Control Flies, Prevent Disease

April 4, 2018 02:20 PM
 

The following commentary does not necessarily reflect the views of AgWeb or Farm Journal. The opinions expressed below are the author's own.

If fly season has not yet begun in your part of the country, it soon will. While we’ll probably never “win” the war on flies, early action and a season-long control strategy can prevent stress, lost performance and disease associated with flies and other external parasites of cattle.

The issue made headlines this week, when an unusually large hatch of black flies, in this case southern buffalo gnats, apparently caused the deaths of a bull and a cow on an Arkansas farm.

In addition to animal-welfare and performance impacts, flies, ticks and other external parasites transmit disease such as pinkeye and anaplasmosis. Prior to last year’s changes to the veterinary feed directive (VFD) rules, producers sometimes used medicated minerals or other free-choice feeds containing chlortetracycline (CTC) for prevention of pinkeye, an extra-label application. By law, medicated feeds can only be used in accordance with the label, and with the VFD rules in place, veterinarians must confirm the intended use complies with product labels before writing a VFD order.

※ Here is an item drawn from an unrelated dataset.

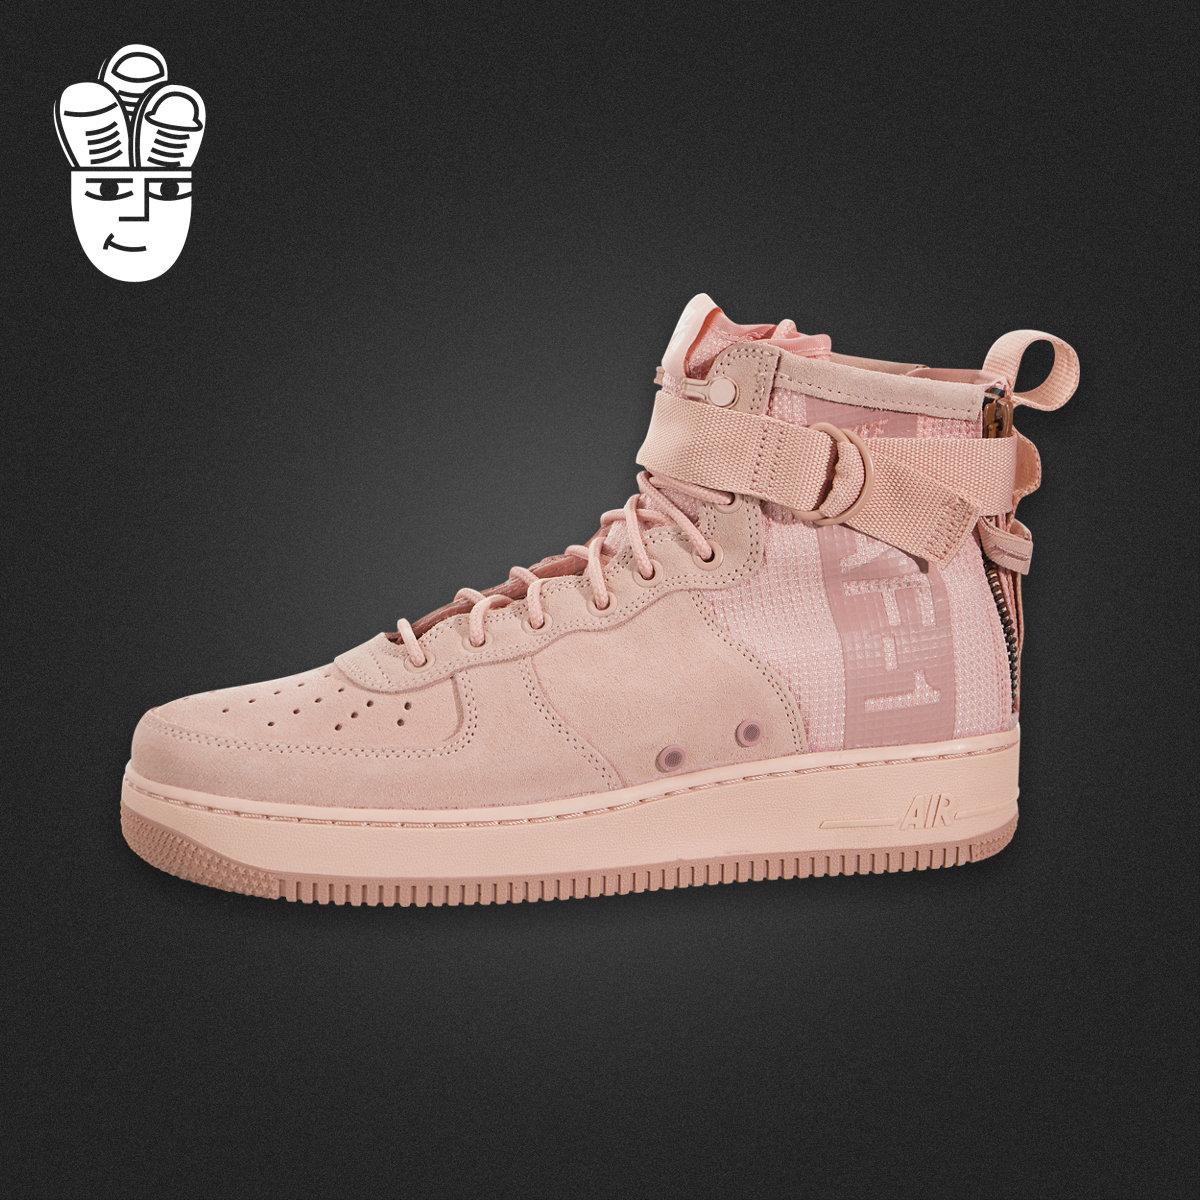 Nike SF Air Force 1 Mid 耐克空军一号篮球鞋 中帮运动休闲鞋

Given those restrictions, and with antibiotic use falling under increasing consumer scrutiny and regulatory action, producers can benefit by working with their veterinarians to focus more on parasite control and less on medicated feeds for preventing those diseases.

Oklahoma State University Livestock Entomologist Justin Talley, PhD, says external parasites cause enormous economic losses to the cattle industry in the United States. Horn flies lead the way, causing an estimated $1.36 billion in annual losses in U.S. livestock herds. Stable flies cause an additional $672 million in losses, followed by horse flies at $296 Million, face flies at $191 million and ticks at $162 million.

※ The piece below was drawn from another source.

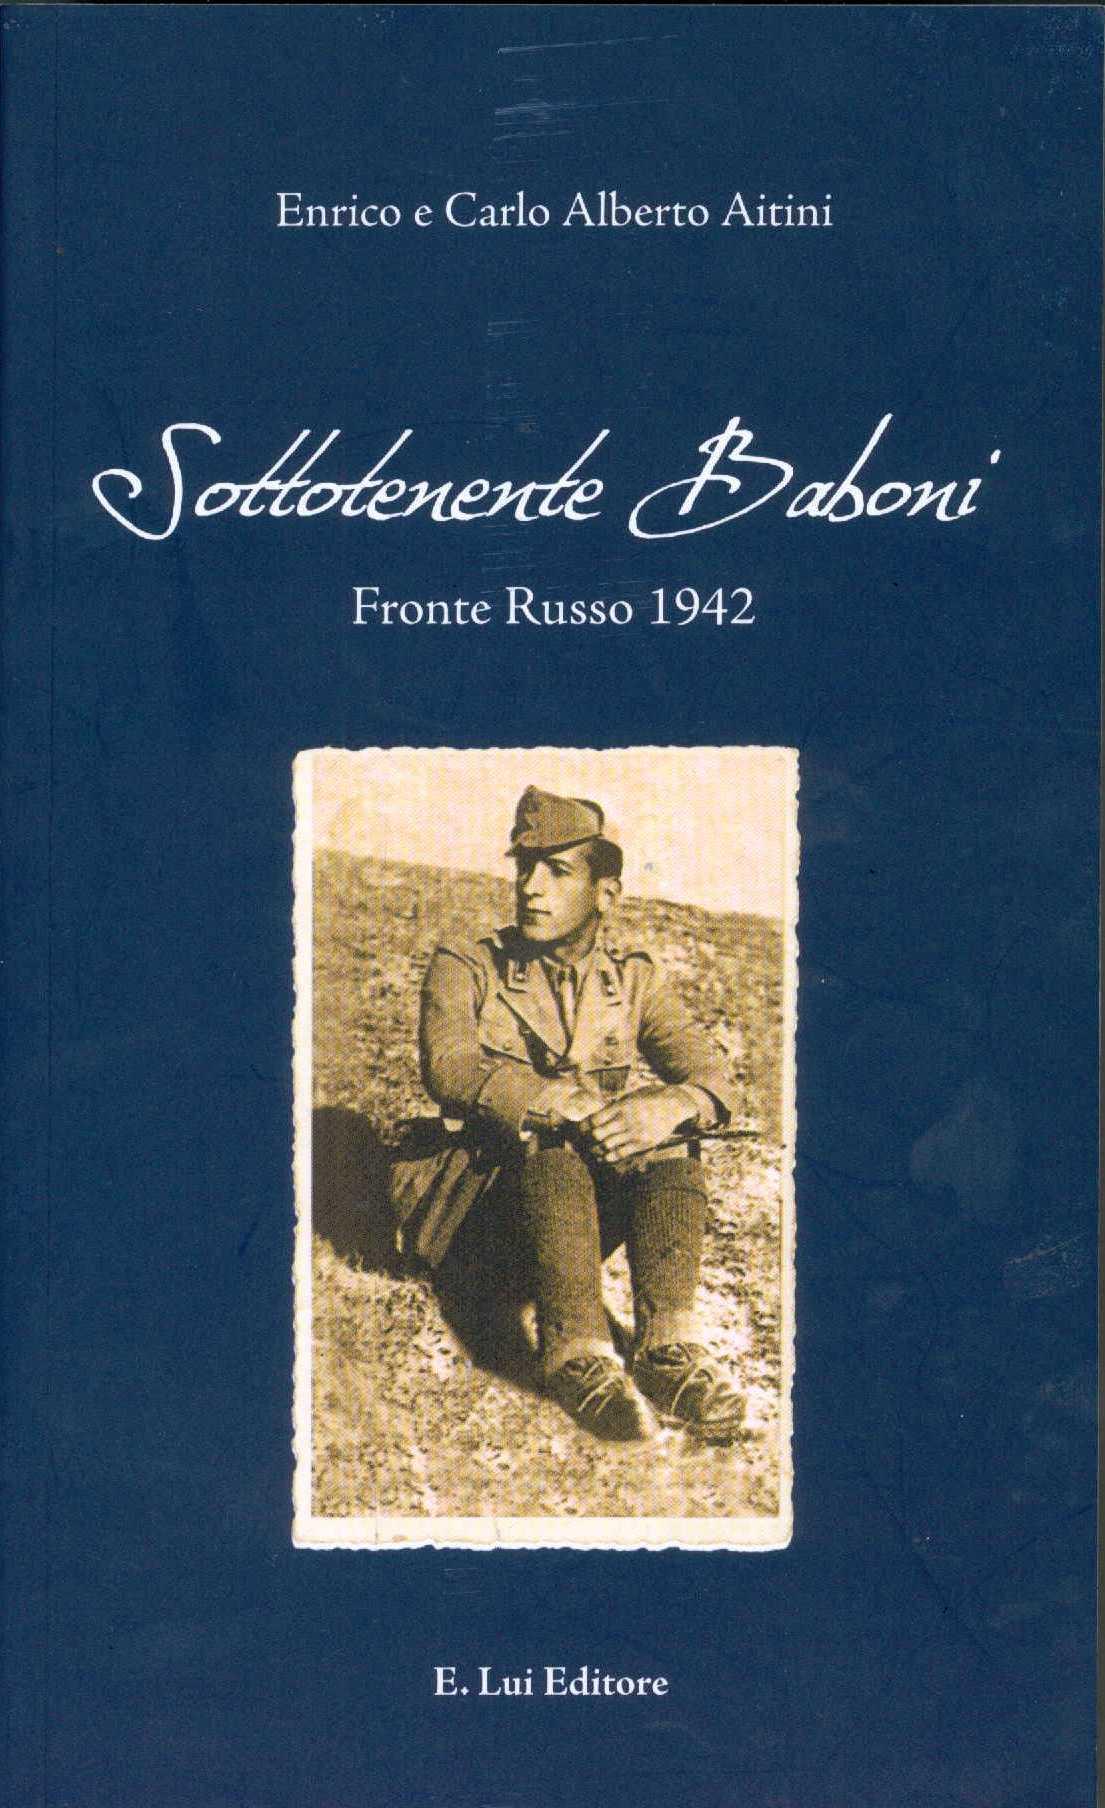 Sottotenente Baboni

Talley says when horn flies are present, control efforts can bring an average of 1.5 pounds of extra gain per week. Generally, 200 to 300 flies per animal constitutes an economic threshold, where treatment will pay.

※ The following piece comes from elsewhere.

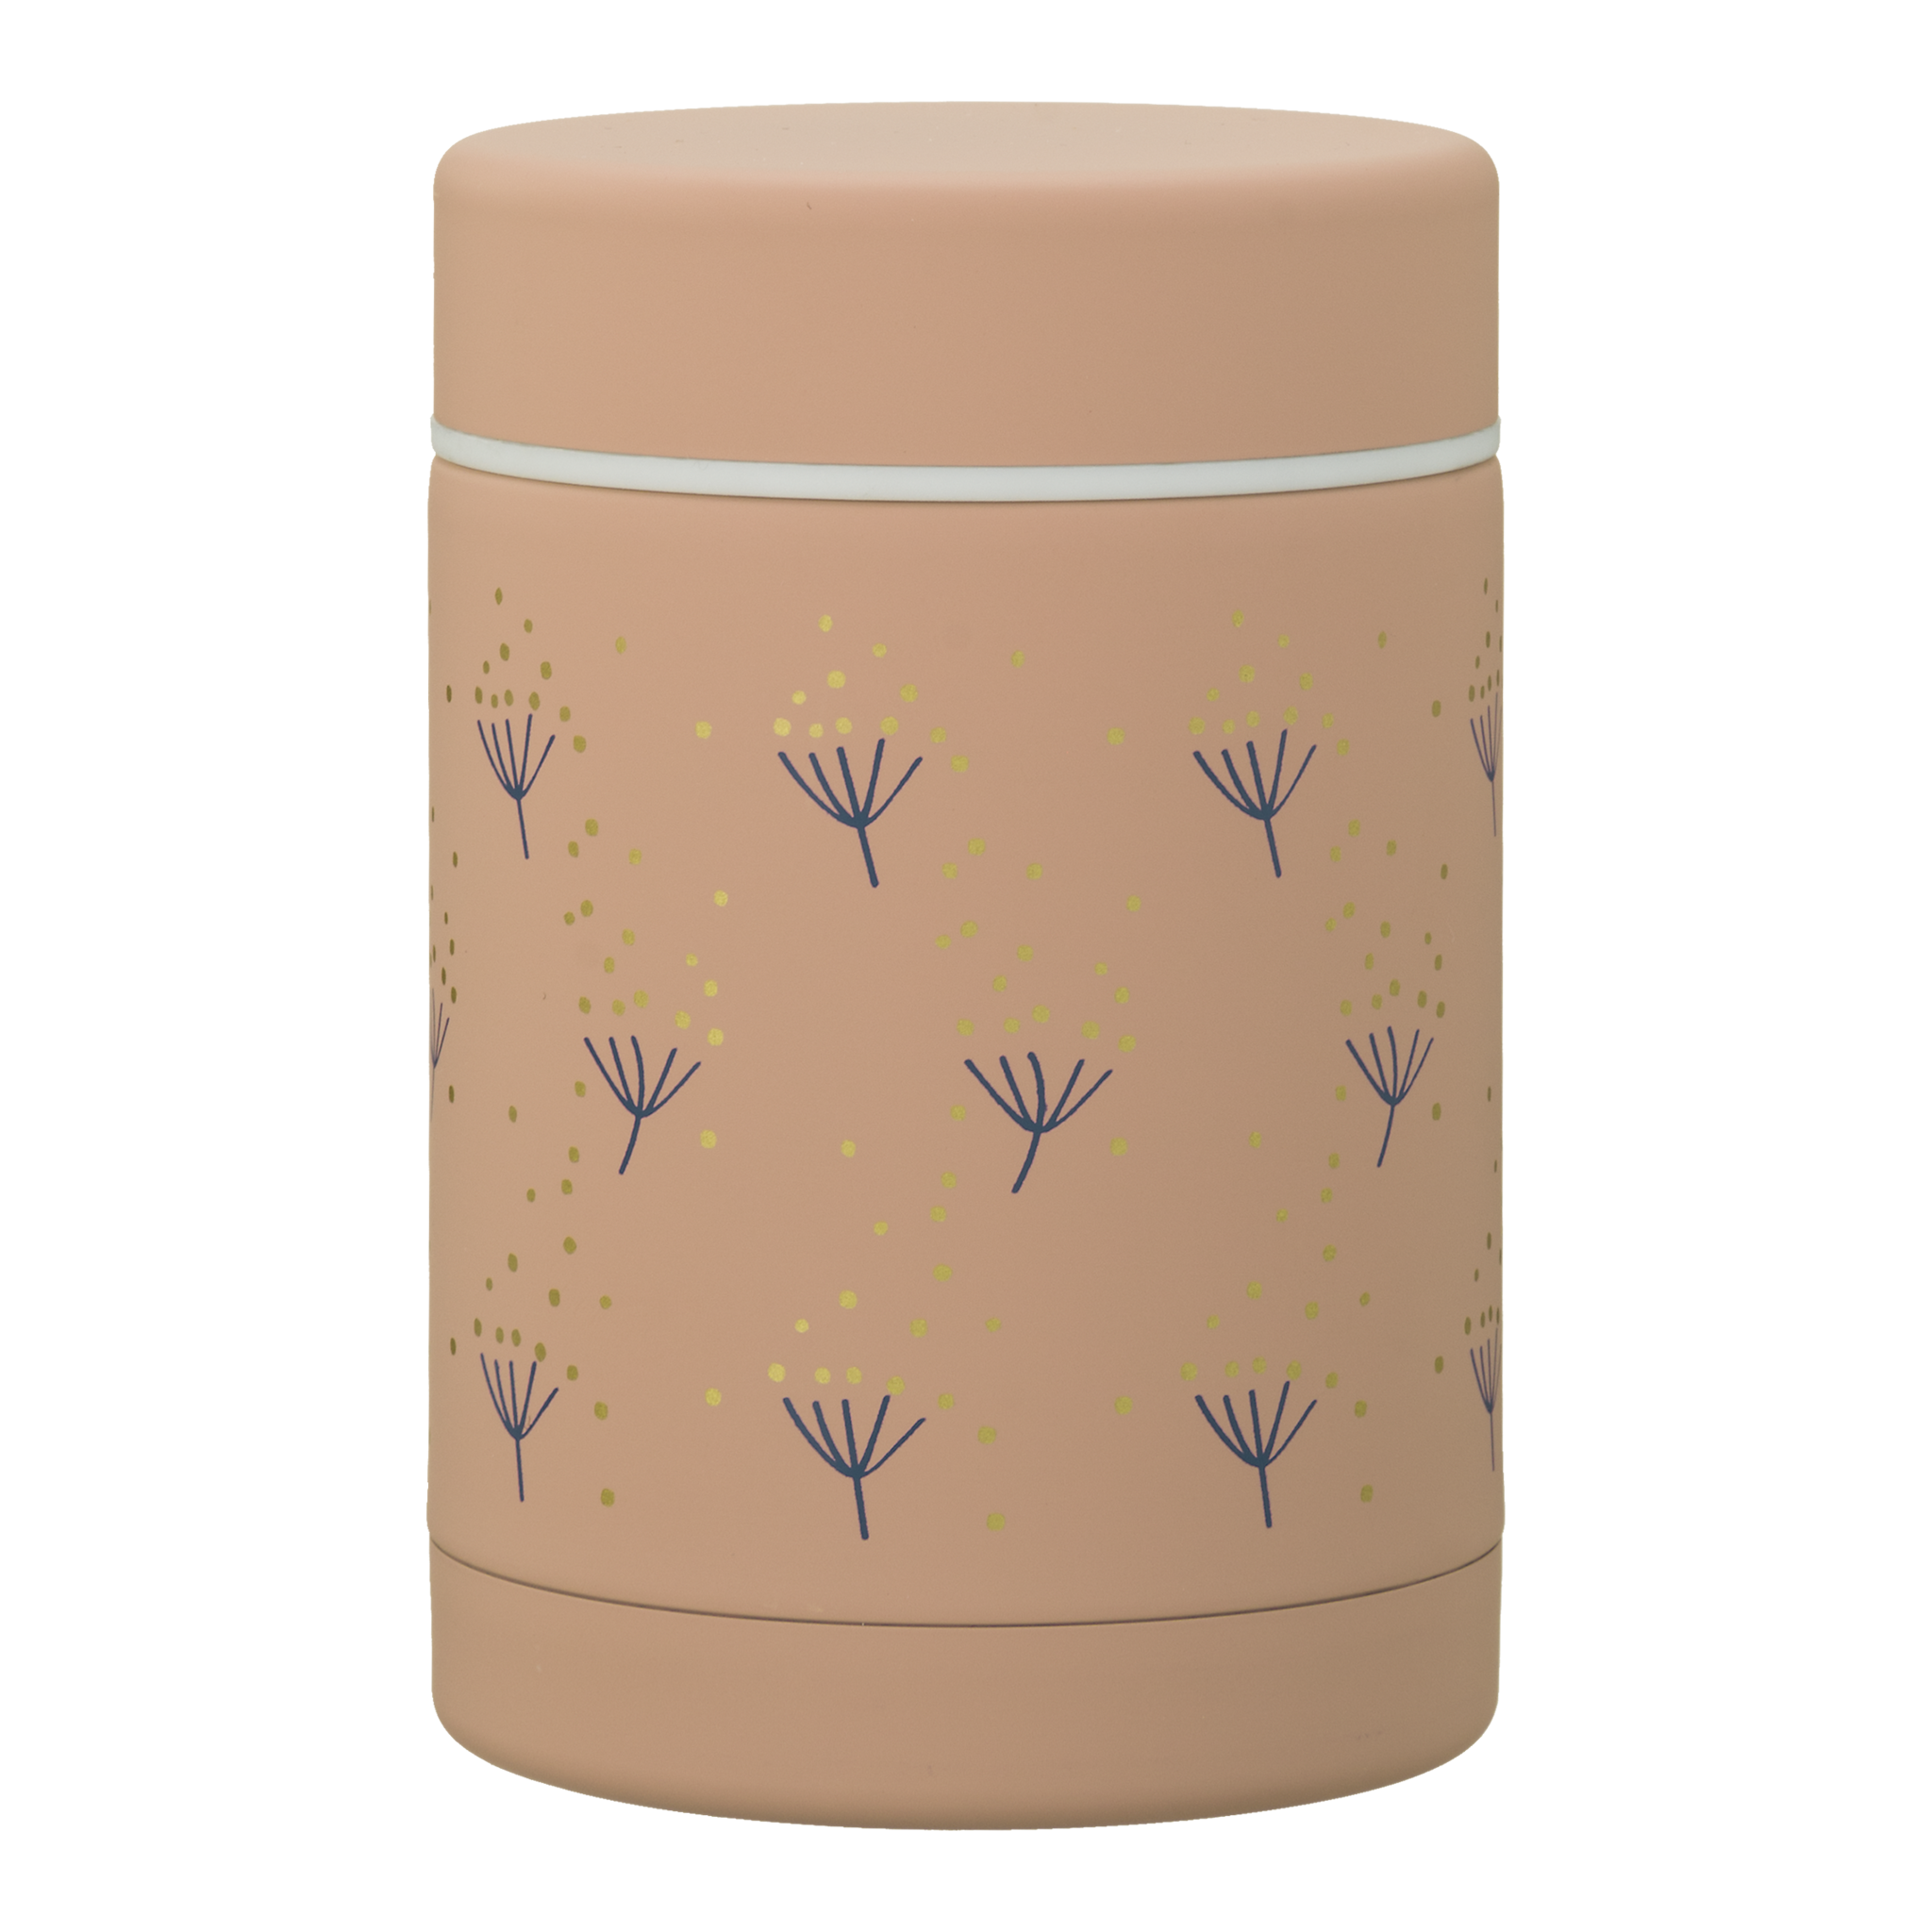 Fresk Thermobehälter 300ml Dandelion

Stable flies tend to accumulate on the lower part and legs of the animal, with five to 10 flies per leg a typical economic threshold. Populations typically peak in the spring and again in the fall.

Face flies are not a biting fly, but cause stress and play a role in transmission of Moraxella bovis, the pathogen that causes pinkeye in cattle.

Horse flies and deer flies can serve as mechanical vectors for Anaplasma marginale, the bacteria causing anaplasmosis in cattle. Veterinarian Gregg Hanzlicek, at the Kansas State Veterinary Diagnostic Laboratory, says flies carry, but don’t amplify the anaplasmosis pathogen, meaning the bacteria flies pick up when feeding is the maximum they will be able to pass on to the next animal when they take their blood meal. Control is important though, as flies can travel significant distances and introduce anaplasmosis into beef herds.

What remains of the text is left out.